# Change in photo after upload?



## paleydp (Jun 14, 2004)

Oh great photography gurus, it is just me, or are some images changed by the upload process? I took some pics, edited them in photoshop, where they looked pretty good. After uploading them to both yahoo and penturners, they don't look as clear and seem to my eyes to be darker. Do I need to change my photo editing or my glasses?
Thanks,
Denise


----------



## Daniel (Jun 14, 2004)

Denise,
  I have noticed that soem of my photos change when uploaded. I have no idea why.
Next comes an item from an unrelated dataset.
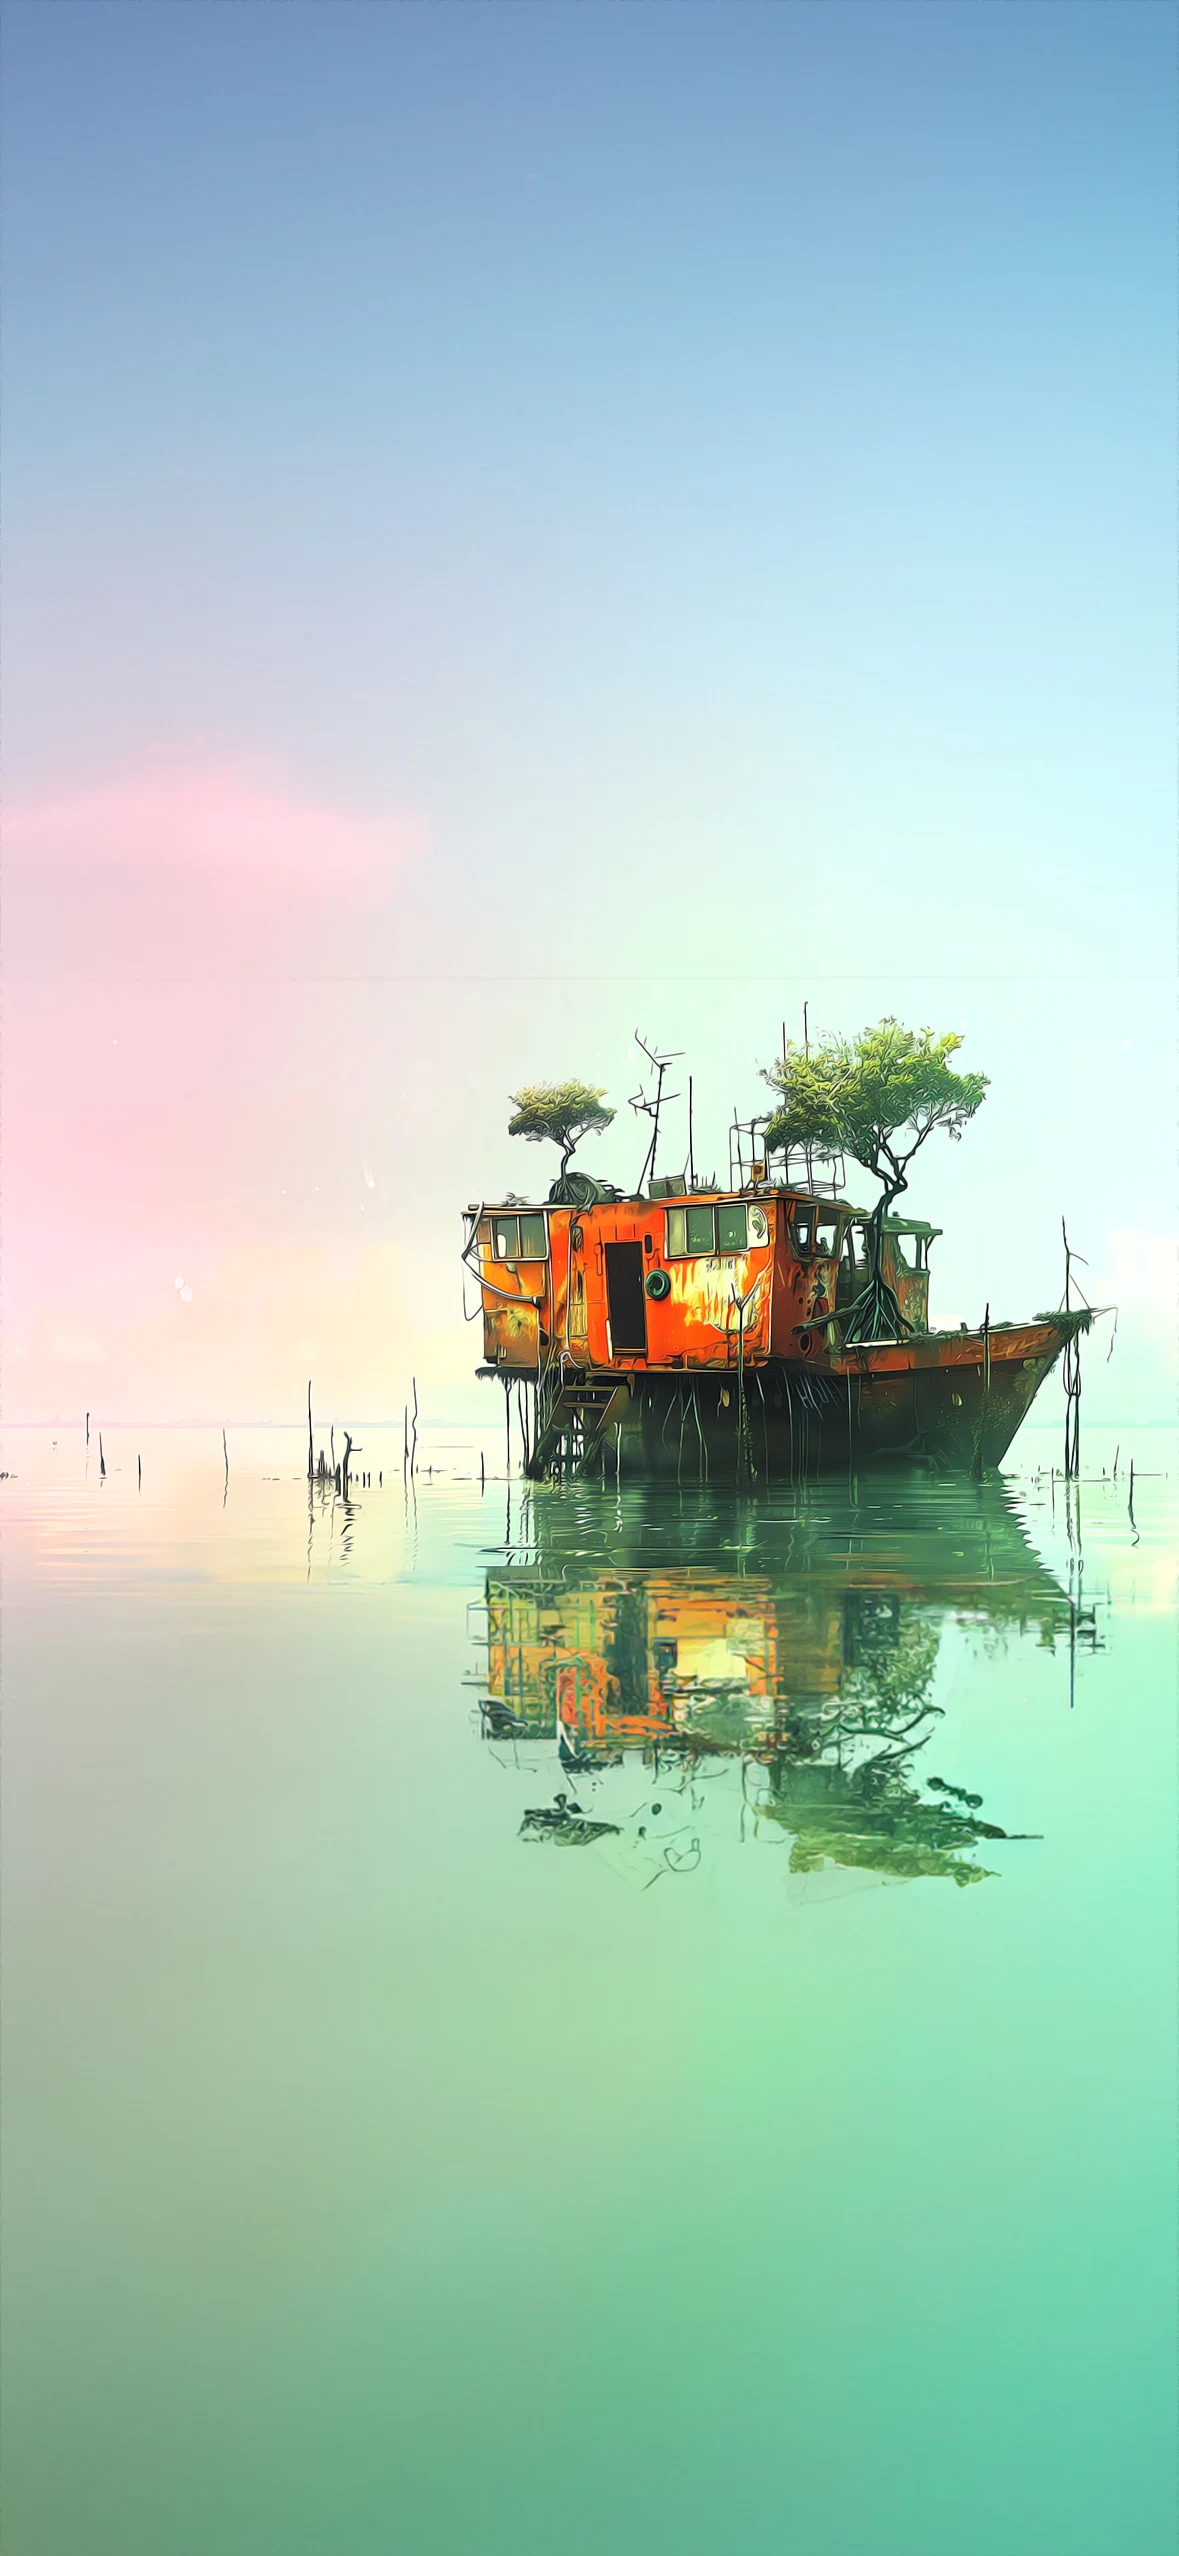 iphone wallpaper of Stylized illustration of an old, rusted orange boat with overgrown trees on deck, floating in calm water under a soft pastel sky.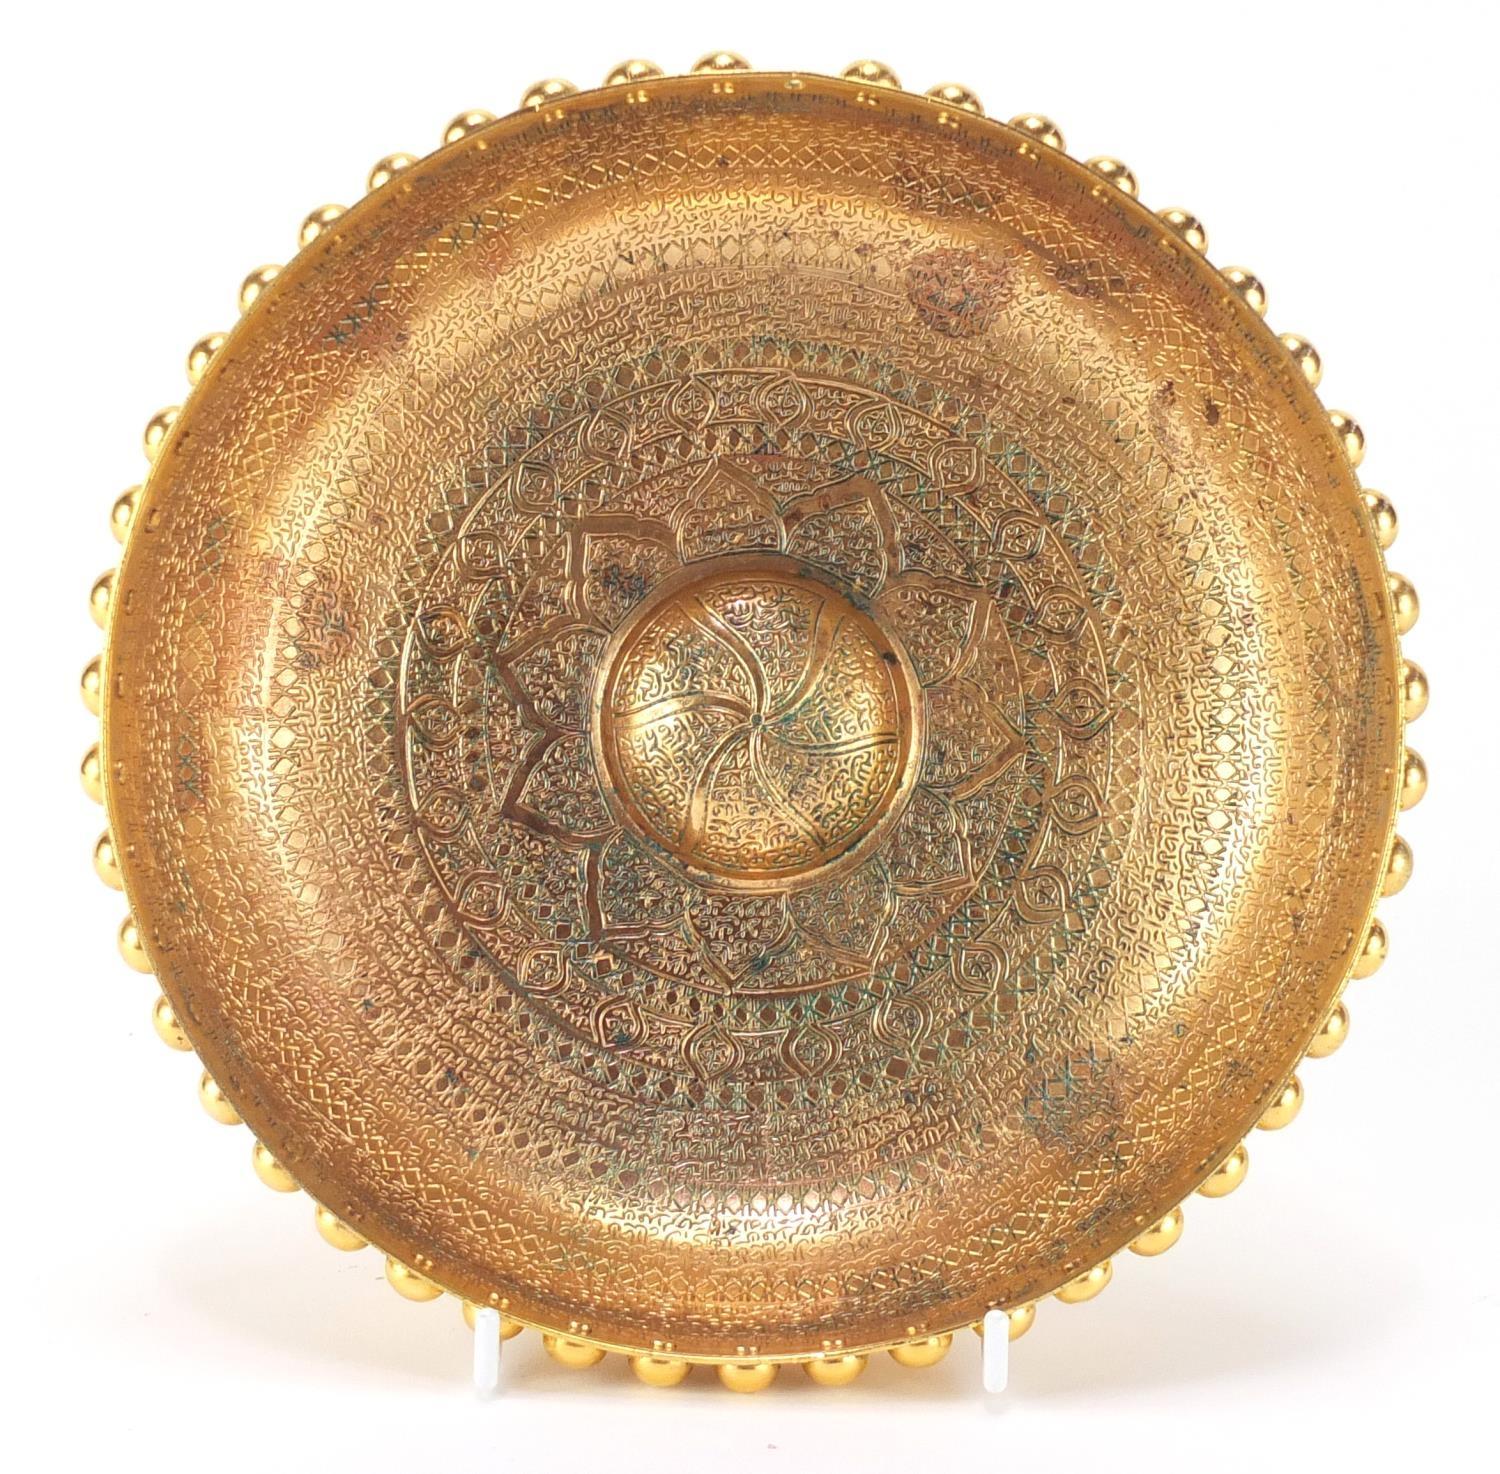 Ottoman gilt copper Hammam bowl with central flower head motif, profusely engraved with calligraphy,

I have also not fugured out haw to estimate the final viewing size either. this is one that will have to be answered by the computer guys.


----------



## jeff (Jun 14, 2004)

Denise, email me the original photo and I'll compare it to what ended up on the server.  There should not be any difference, but anything is possible!! Send it to admin@penturners.org


----------



## Daniel (Jun 14, 2004)

Jeff,
  I have always taken it as one of the effects of the pic being a different size than I see it in my editor or something. I have noticed it anywhere I post pictures not just here.in fact they come out more consistant on thsi sight than on alot of others.


----------



## melchioe (Jun 15, 2004)

The color balance in general should not be altered due to the place the file resides - if you are looking at the same file on the same monitor, it shouldn't matter if the file is on your local PC or on the penturners.org server.  There aren't any web servers that modify colors (at least not that I know of, and I've been in computing far longer than I like to admit, and have done quite a bit of tech support for graphic artists, and some of the color concepts have "rubbed off" on me.)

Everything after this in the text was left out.